Parce que Virgin, à l'origine c'est anglais. D'abord, c'était un magazine qui parlait de musique, de disques que l'on ne trouvait pas facilement dans le commerce, déjà un vrai travail de spécialistes, de découvreurs. Devant le nombre de personnes demandant où trouver tel ou tel disque, Richard Branson et Nik Powell ouvrent un comptoir à Londres en 1971 qui ne vend que les disques dont ils parlent dans le magazine, c'est Virgin Records and Tapes. Puis une première boutique voit le jour sur Oxford Street à Londres en 1979. Et une autre. Et une autre.
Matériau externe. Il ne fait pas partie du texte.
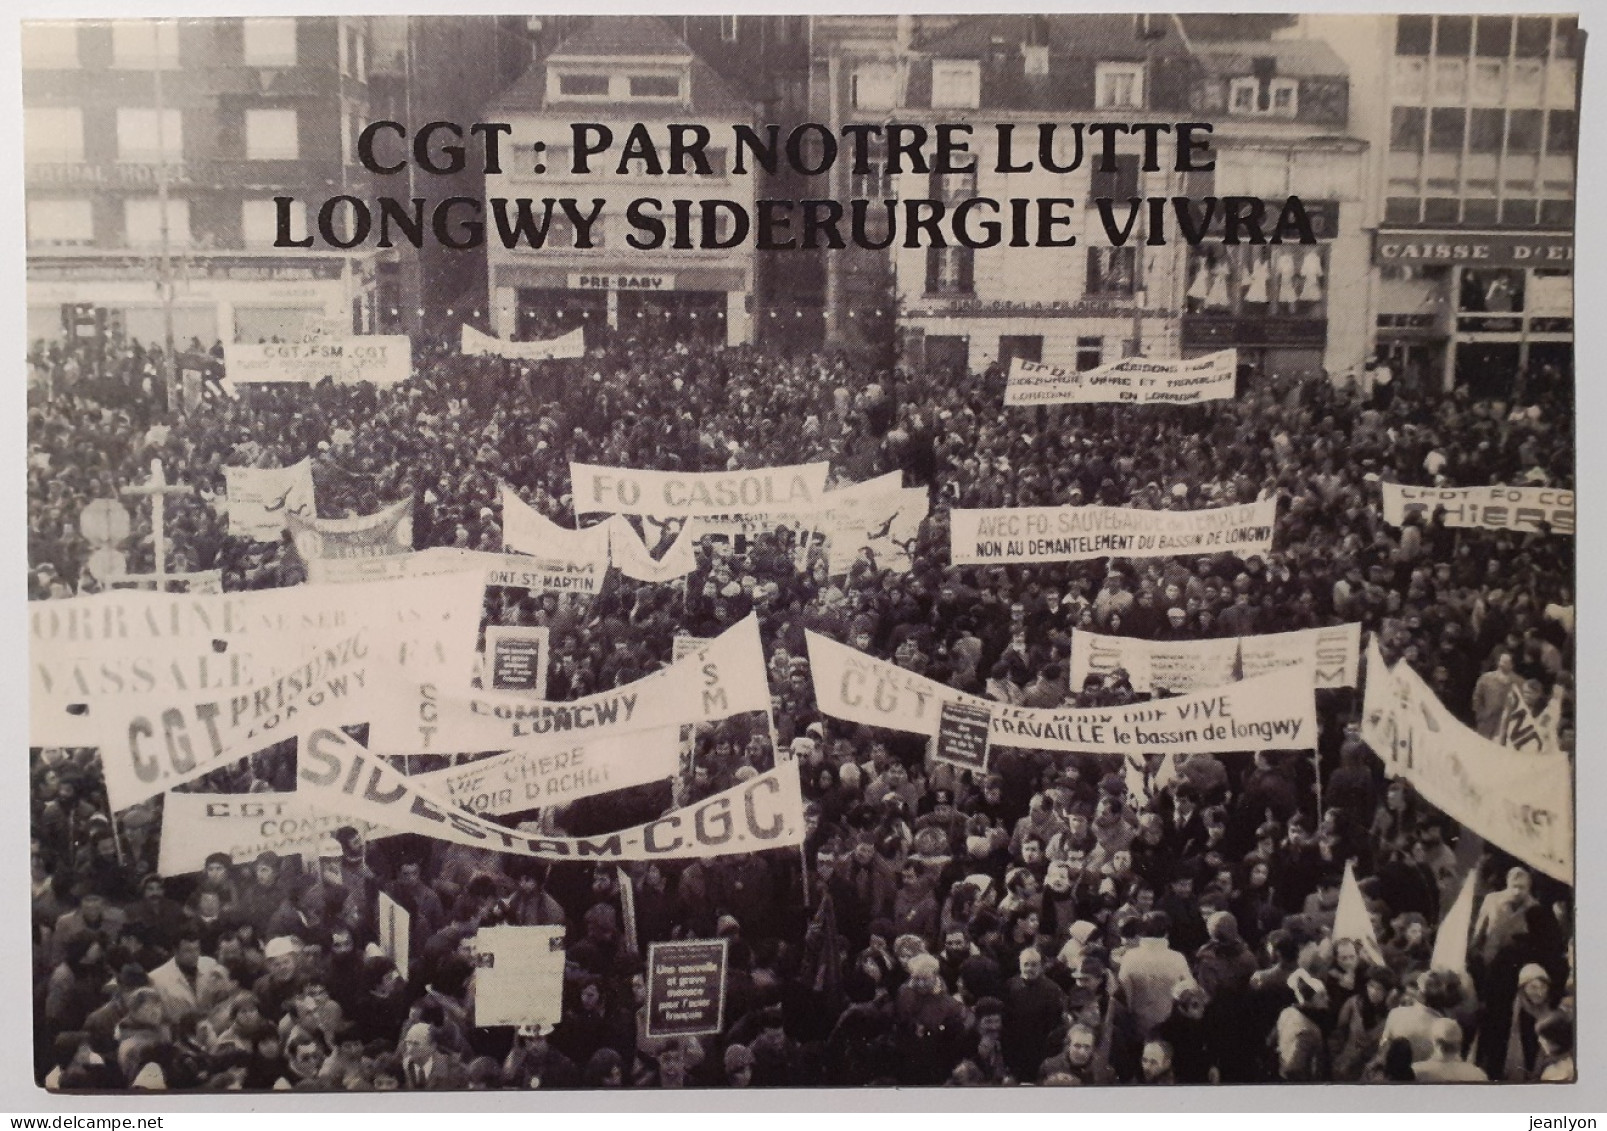 LONGWY (54 Meurthe Et Moselle) - Syndicat CGT / Manifestation 19 Décembre 1978 - Banderoles  - Manifestazioni

Dans les années 80 et 90, c'est une centaine de Virgin Megastore qui ouvrent leurs portes en Angleterre !

Vu le succés, ils décident de s'attaquer au reste du monde : les États-Unis, le Japon, l'Espagne, l'Allemagne, la Belgique, l'Australie, l'Egypte... En France, l'offre est diversifiée pour concurrencer la Fnac qui règne, impitoyabe depuis 1974, écrasant sur son passage un grand nombre de libraires et de disquaires. Ainsi, l'enseigne vendra également des livres, des vidéos, des jeux et de la papèterie. On est en 1988 et Richard Branson vise rien moins qu'un somptueux bâtiment, dont l'escalier de marbre et la porte du coffre-fort de l'ancienne City Bank sont classées, de 8500m² sur les Champs-Élysées. L'année suivante, Marseille est investie, puis Bordeaux en 1990. Là aussi, de beaux bâtiment en pierre sont choisis.
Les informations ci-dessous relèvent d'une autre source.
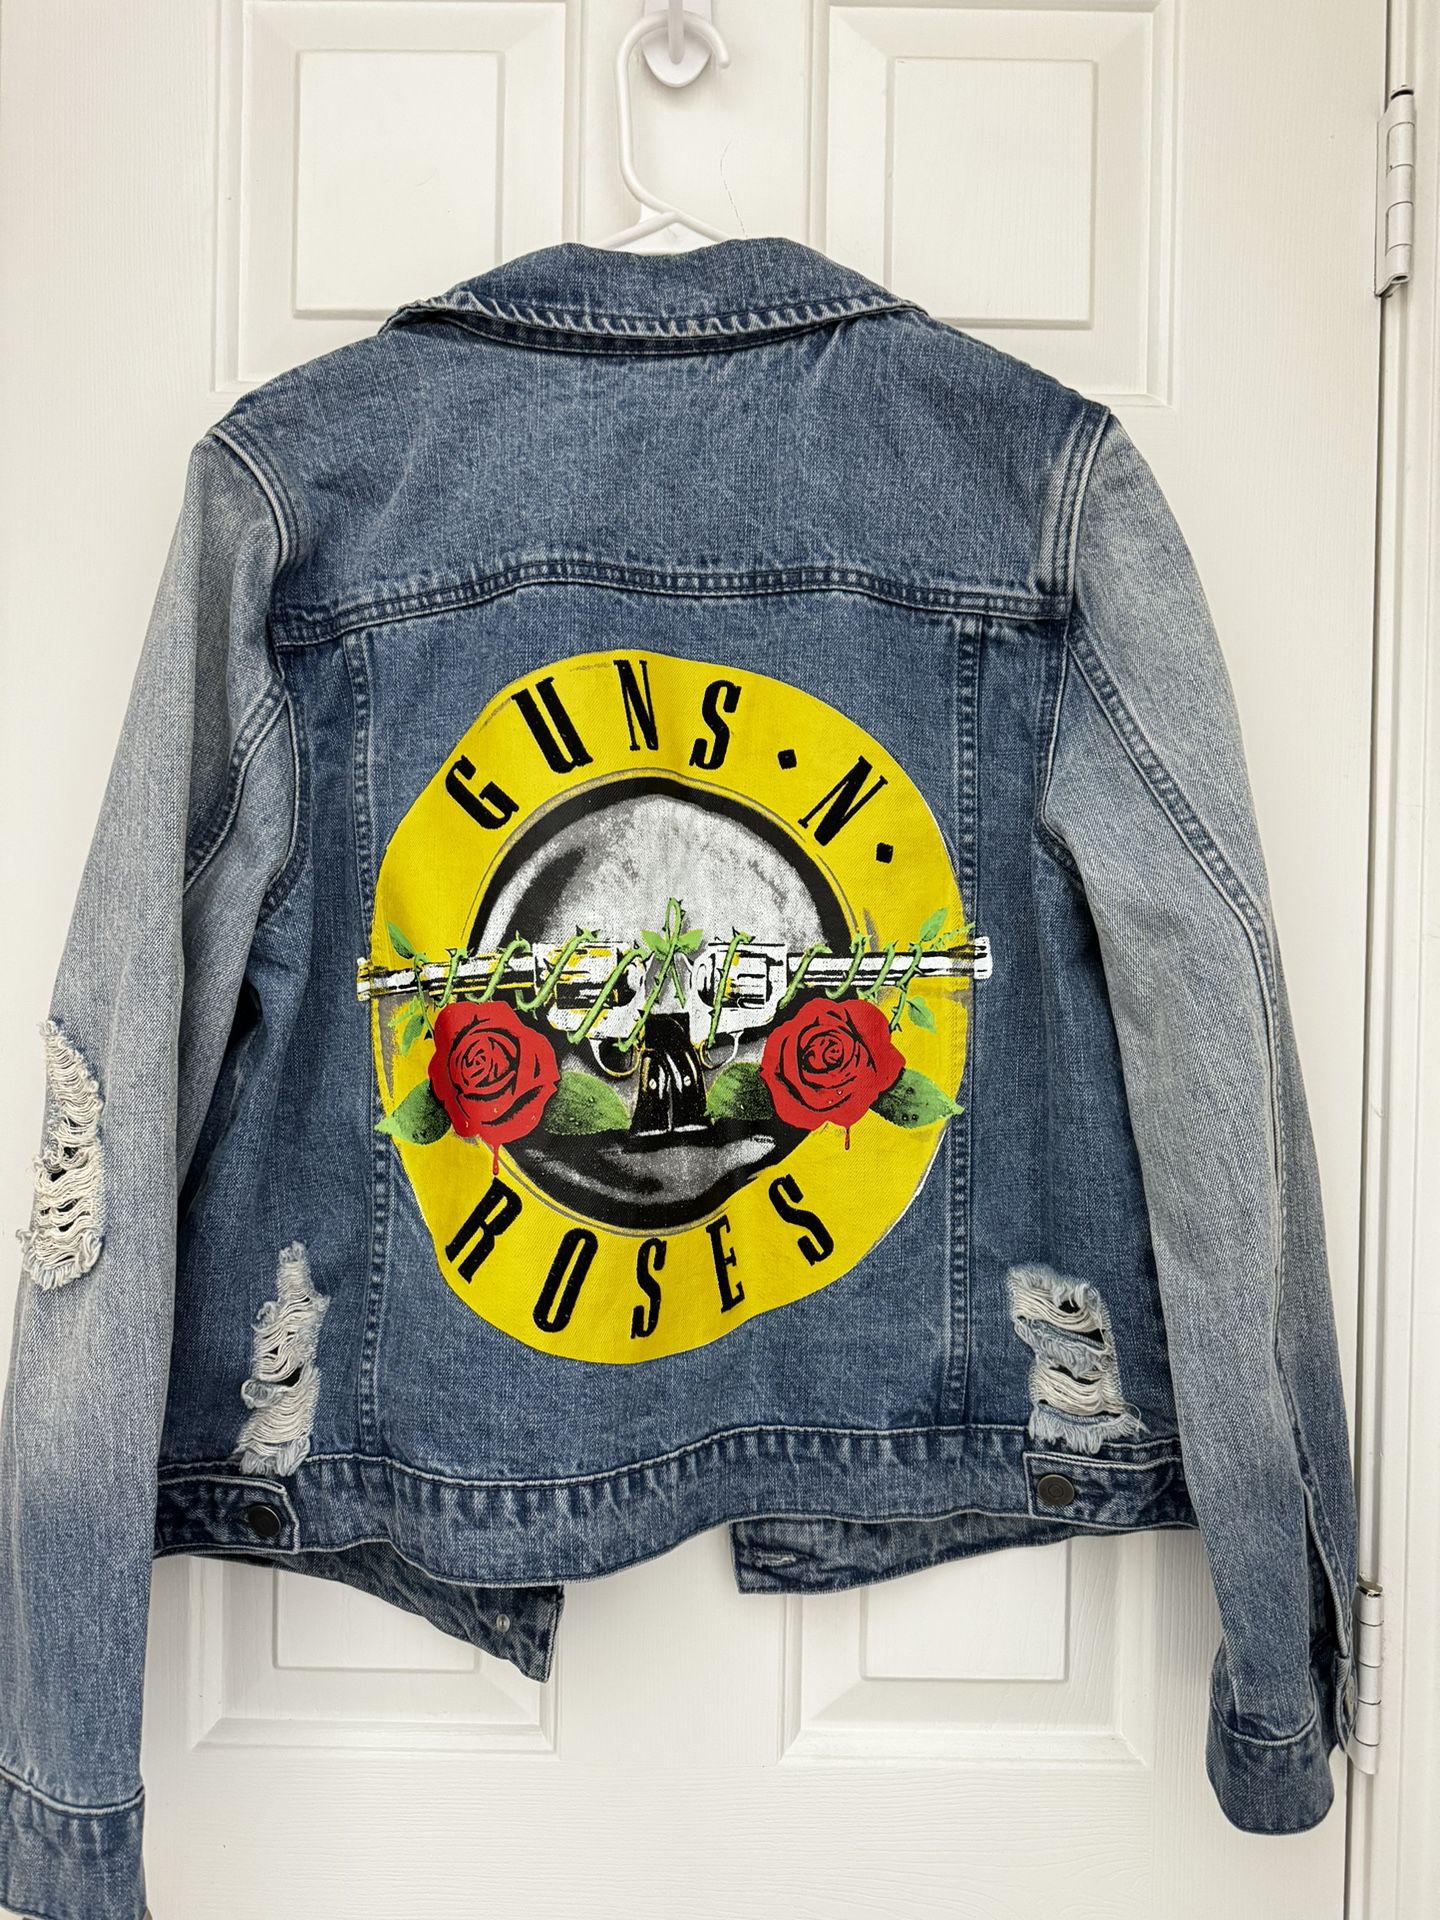 Gun-s Roses Jacket

En France, l'impact de Virgin n'est pas aussi important que dans son Angleterre natale, mais l'aventure devient rapidement une institution. Le vaisseau amiral, sur les Champs-Élysées, est visité par les touristes du monde entier autant que par les artistes en promotion. Lorsqu'un reportage sur la rentrée littéraire ou sur la sortie d'un nouvel album de Mylène Farmer est tourné, c'est au Virgin des Champs-Élysées que l'on vient. Le succés est colossal. L'enseigne peut également se targuer de n'embaucher que des spécialistes. Pas de faux libraire, pas de faux disquaire. Que des passionnés qui se battent pour faire découvrir des réalisateurs, des chanteurs, des auteurs injustement inconnus, qui se battent pour la culture. "Virgin, la culture du plaisir".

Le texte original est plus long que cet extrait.